Vlora, Durazzo, sono le scritte sulla poppa. È una nave mercantile, partita dall’Albania il giorno prima. Ma quando arriva al porto di Bari, l’8 agosto 1991, non porta mercanzia, a meno che non si vogliano considerare merci ventimila esseri viventi. Sono uomini, donne, bambini. Molti di più gli uomini: magri, vestiti come noi vent’anni prima. Sembra di rivedere un film di Pasolini: Accattone, Mamma Roma o La ricotta. Sono chiusi nelle stive della nave, accalcati sul ponte, appesi alle travi delle alberature. Un grappolo umano di ventimila acini. Un grappolo umano, tenuto insieme dalla forza della disperazione, della volontà, dalla mano di un Dio misericordioso.
Da vedere in TV fu una cosa spaventosa, e non uso l’aggettivo a sproposito. Fa spavento vedere ventimila persone accalcate su una fasulla isola di ferro. Fa spavento vederli tuffare in mare per raggiungere la riva, sbarcare sul molo. Fa spavento vederli rinchiusi in uno stadio di calcio. Perché questo accadde: gli sbarcati, non sapendo dove metterli, furono portati nello stadio di Bari, e molti vi restarono per giorni. Sembrava di rivivere l’incubo cileno, con i nemici di Pinochet rinchiusi negli stadi come bestie al Colosseo. Scoppiarono risse. Un giornalista celebre si aggirava all’esterno delle gradinate domandando se dentro ci fossero morti. La polizia gettava il cibo con gli elicotteri.
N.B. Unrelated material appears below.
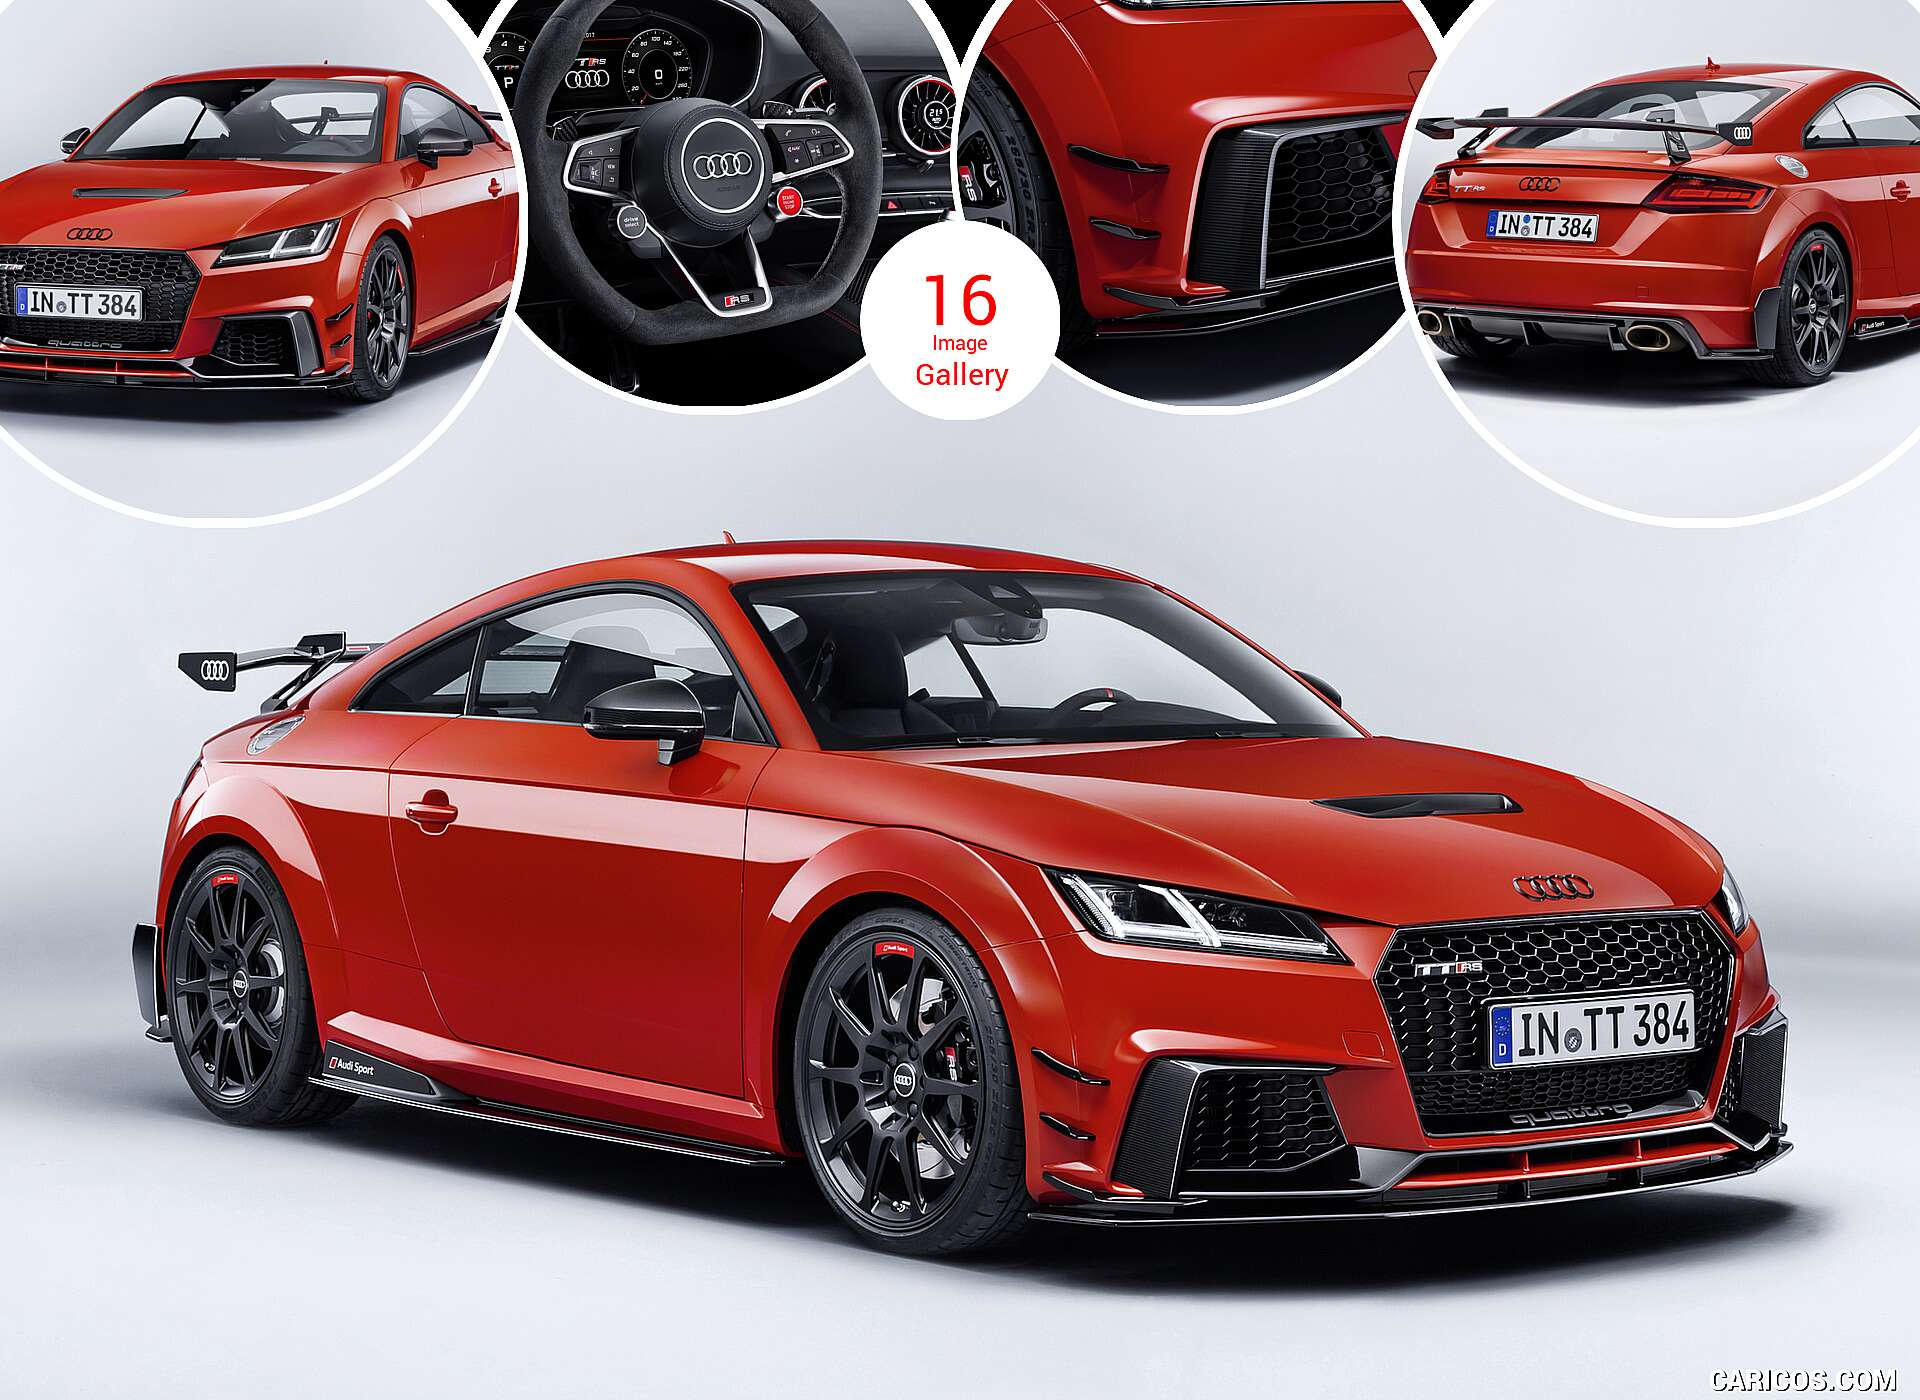 Audi tt 2.0 tfsi quattro s tronic sport (10.2014 - 10.2017) - технические характеристики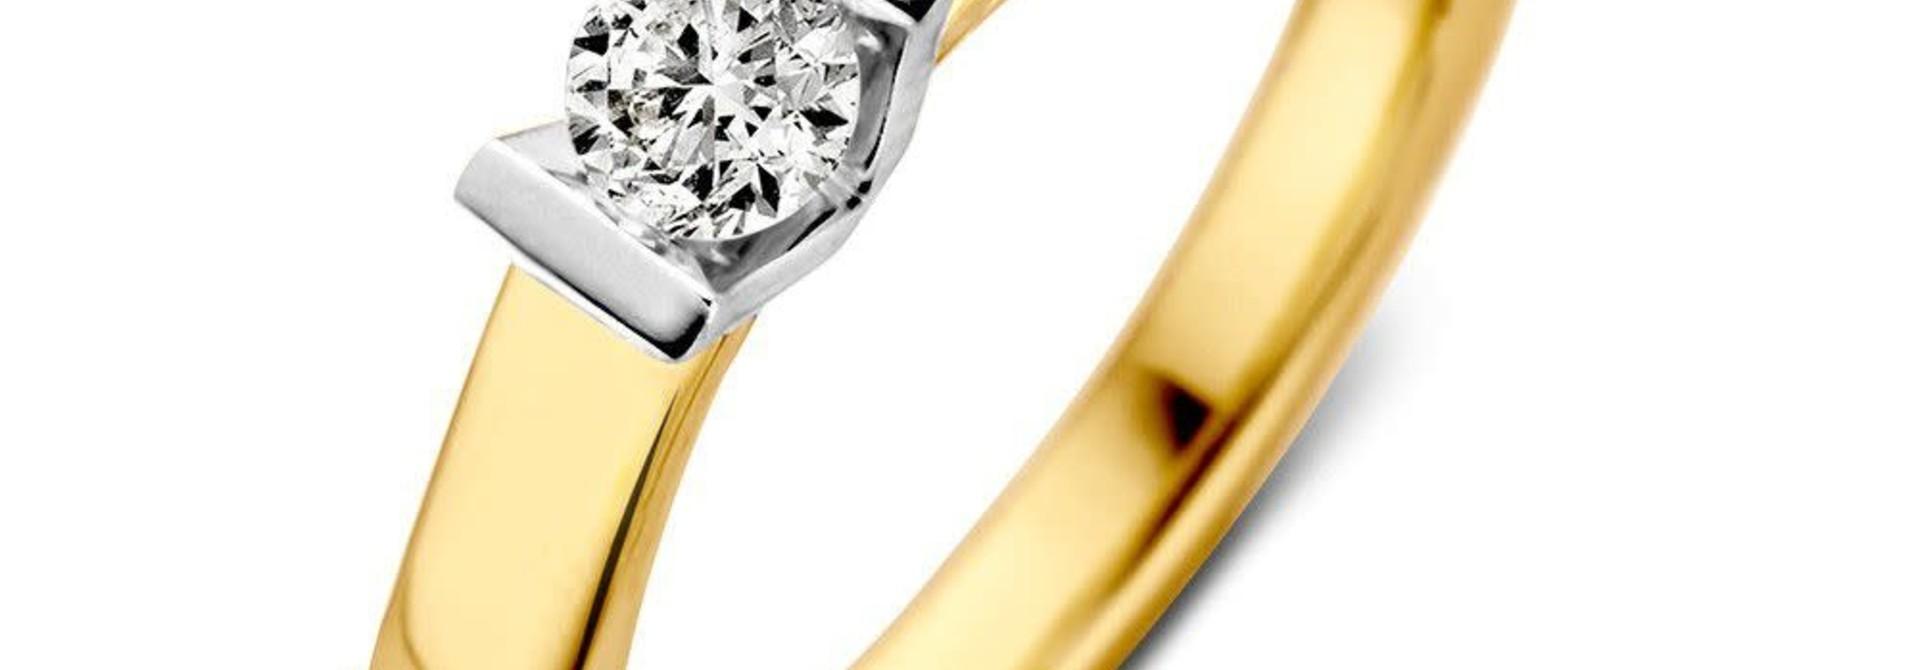 Ring bicolor brilliant RG416837

Molti di loro, buttatisi dalla murata della nave o sfuggiti ai controlli, si dispersero per la città. Guardavano le vetrine dei negozi incapaci di credere a quel che vedevano: cibo, soprattutto. Un altro aggettivo che non mi vergogno di usare è biblico. Fu un episodio biblico, con tutto ciò che questo aggettivo lascia intendere. Molti di quegli uomini furono fatti salire, più o meno con l’inganno, su aerei militari e rimpatriati con un paio di jeans, una camicia e cinquantamila lire. Per tradire la loro fiducia, fummo così meschini e vili che non ce la sentimmo di ammansirli con trenta denari.